BTN: From your experience, what is the travel sector’s attitude towards cybersecurity issues? And where do regulations come into play?
IM: In my experience, the travel sector seems overwhelmed by the sheer scale of fraud, particularly when it comes to impersonation and online payment scams. It often feels like many companies are almost giving up on the fight against fraud, especially when you see the high volume of Booking.com and Airbnb impersonation scams. The truth is, fraudsters have become incredibly sophisticated, and unfortunately, consumers are the ones left to deal with the consequences. Travel companies are not adequately equipped with the solutions necessary to fully protect their customers.
The regulatory environment hasn’t been strong enough to push the industry to implement real solutions. Regulations like PCI DSS and GDPR have helped improve data protection standards, but enforcement is often weak, and companies aren’t consistently held liable when their customers fall victim to fraud. This lack of accountability has led to a situation where the industry is reactive rather than proactive. Customers rarely receive compensation, and companies aren’t feeling the pressure to step up.
That said, I think this situation presents a significant opportunity for disruption. The rise in travel-related fraud is creating a demand for stronger, more effective cybersecurity solutions — particularly those that offer real-time detection, protection and response. Companies like Memcyco, which provide real-time visibility into impersonation attempts and immediate action when attacks happen, can make a big difference in turning the tide on travel fraud. We’re at a tipping point where both technological innovation and stronger regulation will be crucial in protecting both companies and consumers from fraud.
BTN: What can vendors in the travel sector do to prevent fraud and keep their customers safe online?
IM: One of the biggest threats to the travel industry today is digital impersonation — fraudsters setting up cloned booking platforms or spoofing customer service sites to deceive travelers. At Memcyco, we’ve seen how damaging these attacks can be, and that’s why real-time action is essential. Our technology offers real-time visibility, which means travel companies can see these impersonation attempts as they happen and act immediately to stop them. This level of protection isn’t just about detecting fraud; it’s about preventing it from escalating into a problem that impacts customers.
Of course, digital impersonation is just one part of the puzzle. Vendors also need to focus on enhancing authentication methods, such as implementing multi-factor authentication (MFA) to prevent account takeovers. I’ve also seen companies successfully use AI-driven fraud detection systems to monitor for suspicious activity, like unusual login locations or repeated booking attempts, which can help flag potential fraud early on. Securing payment transactions through encryption and tokenization is also a good way to prevent sensitive customer data from being intercepted or stolen.

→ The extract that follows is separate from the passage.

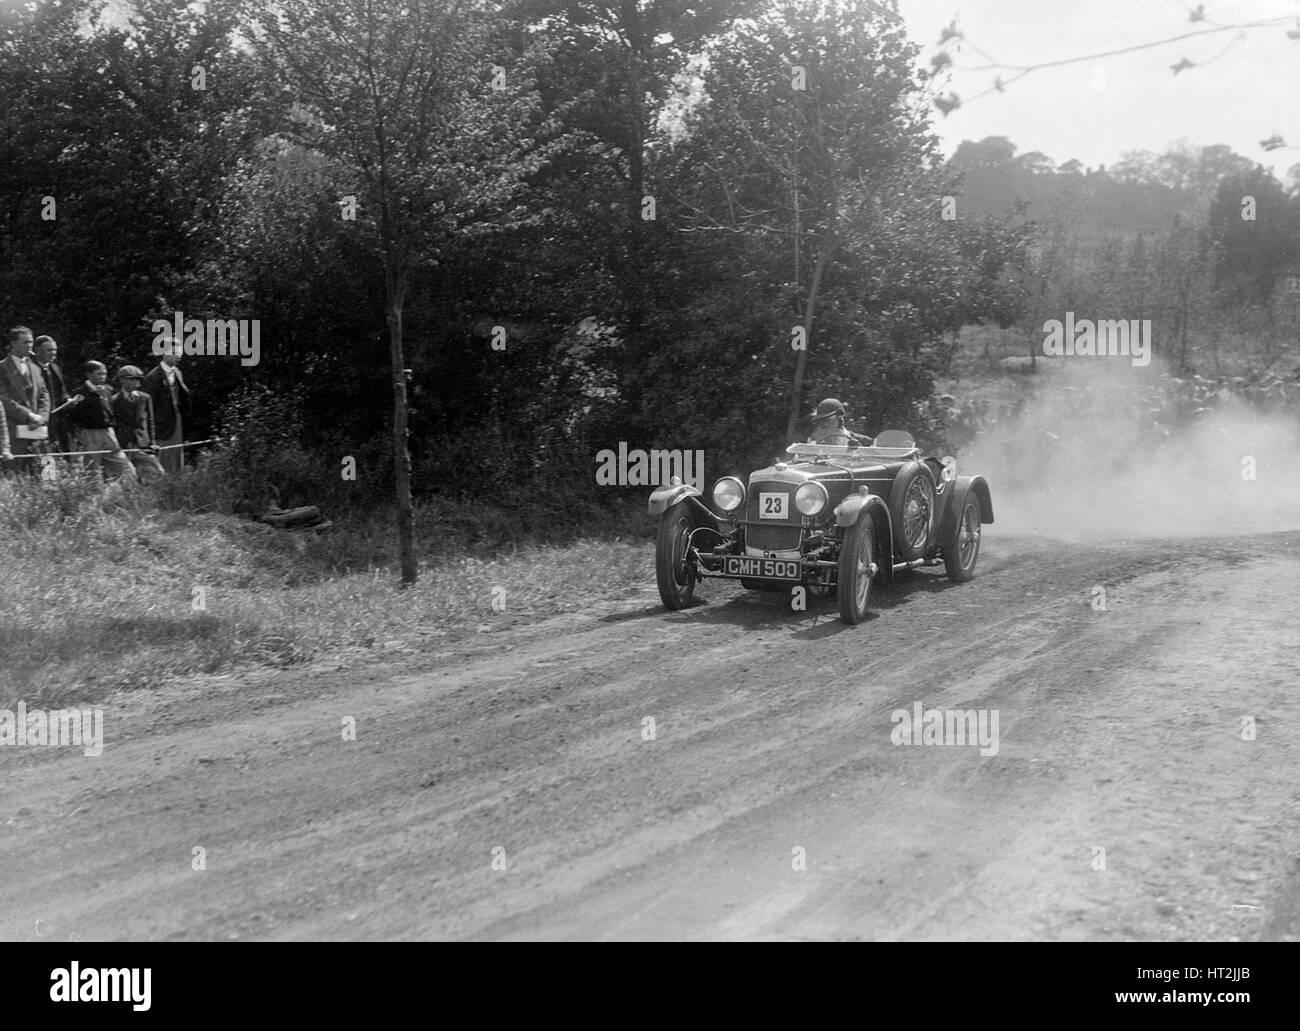 Frazer-Nash TT, Bugatti Owners Club Hill Climb, Chalfont St Peter, dans le Buckinghamshire, 1935. Artiste: Bill Brunell. Banque D'Images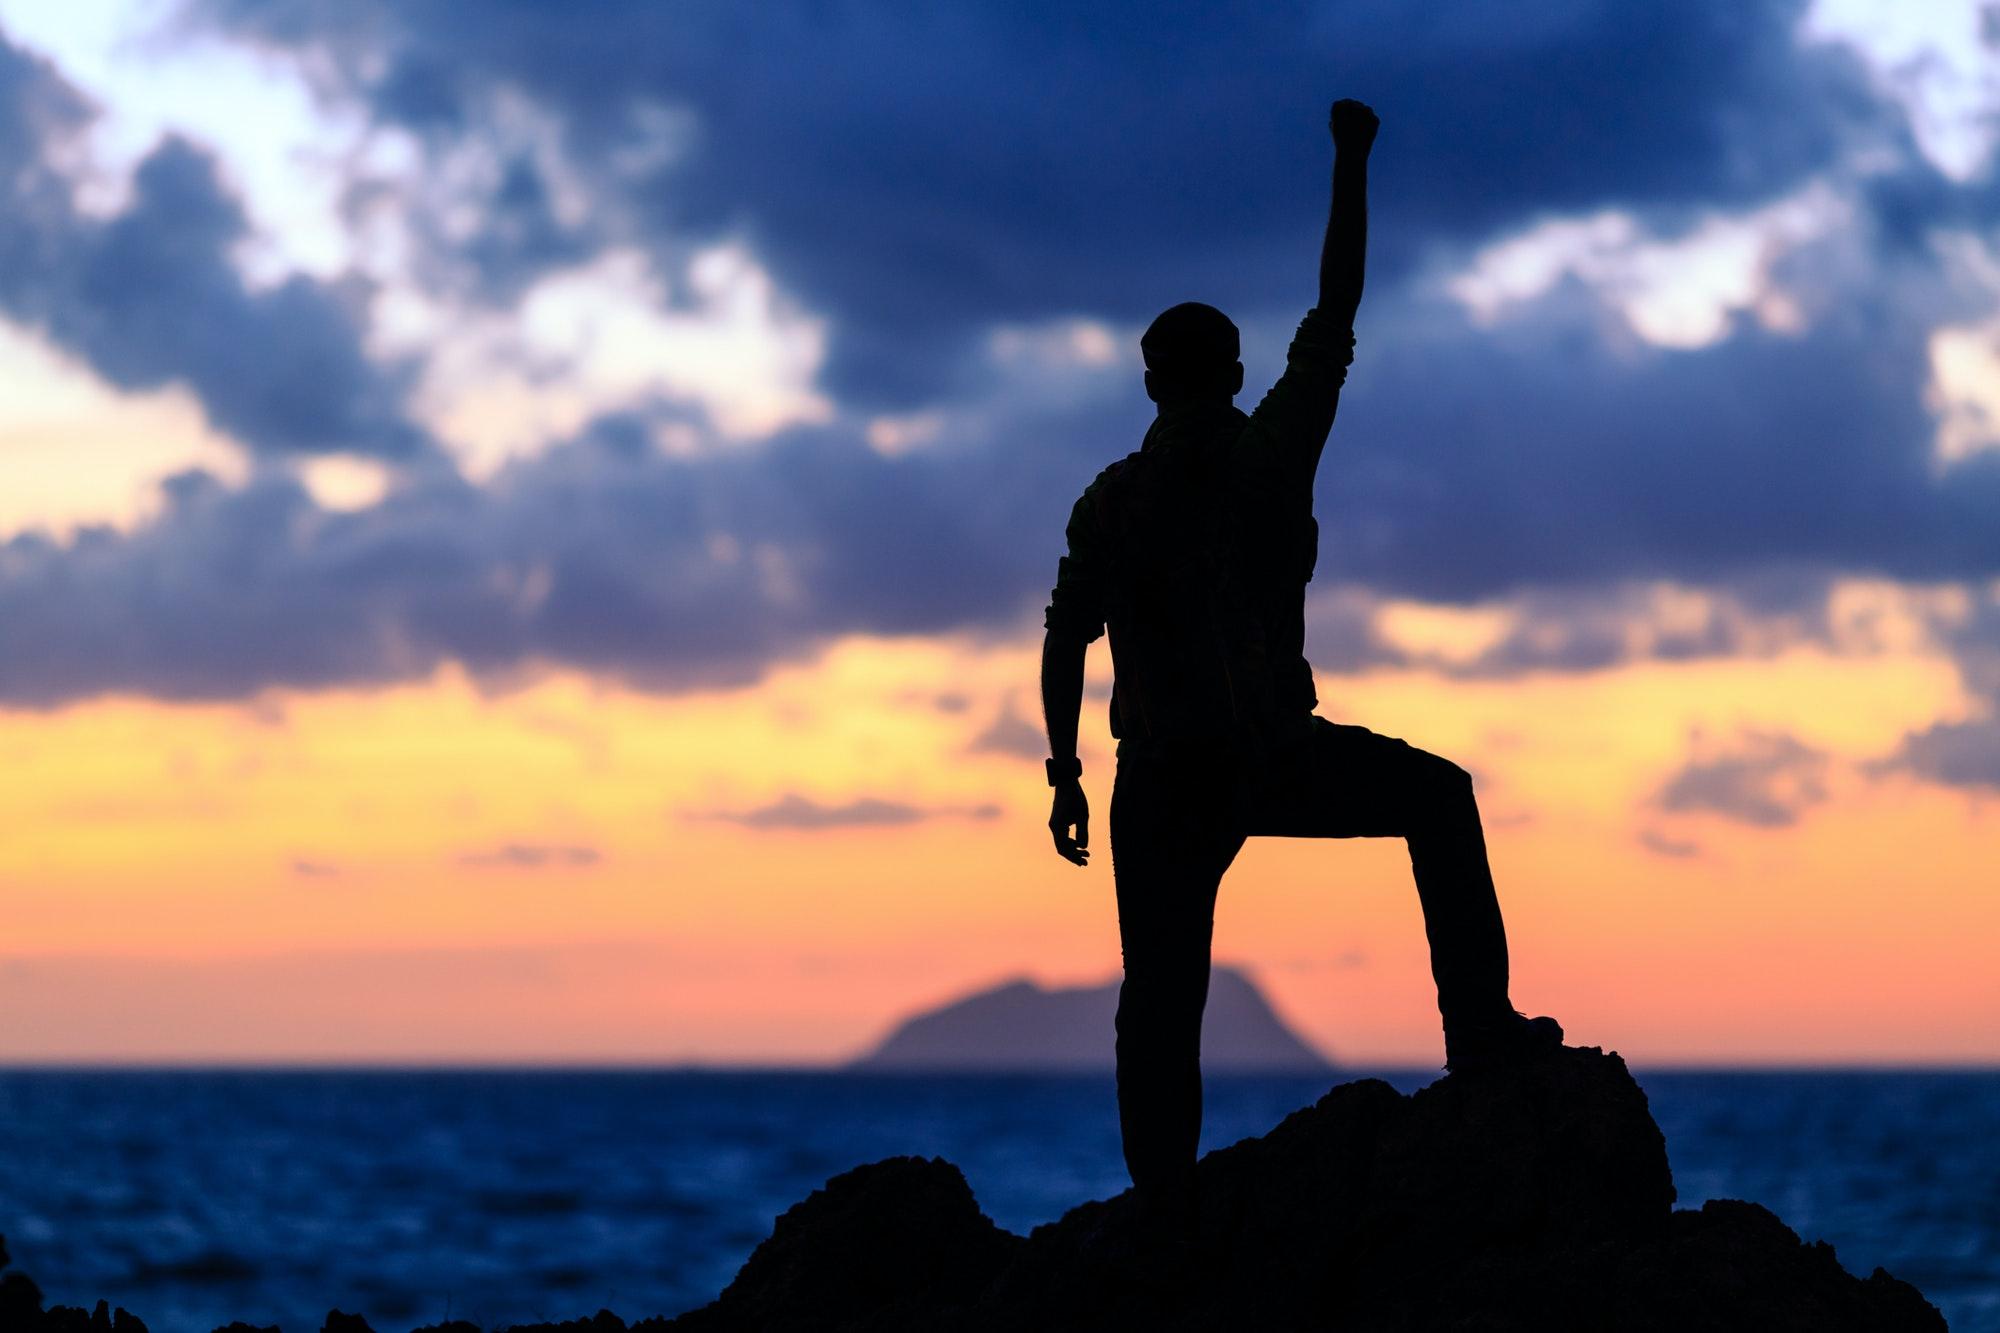 happy-success-winner-life-goal-achievement

But the key here is combining these broader strategies with real-time detection and response capabilities. Without visibility into threats as they happen, vendors are always playing catch-up. With Memcyco, for example, we’ve been able to help vendors shut down impersonation attacks before they cause harm, giving both the companies and their customers peace of mind. The bottom line is that the industry needs to be proactive, not reactive, in its approach to fighting fraud.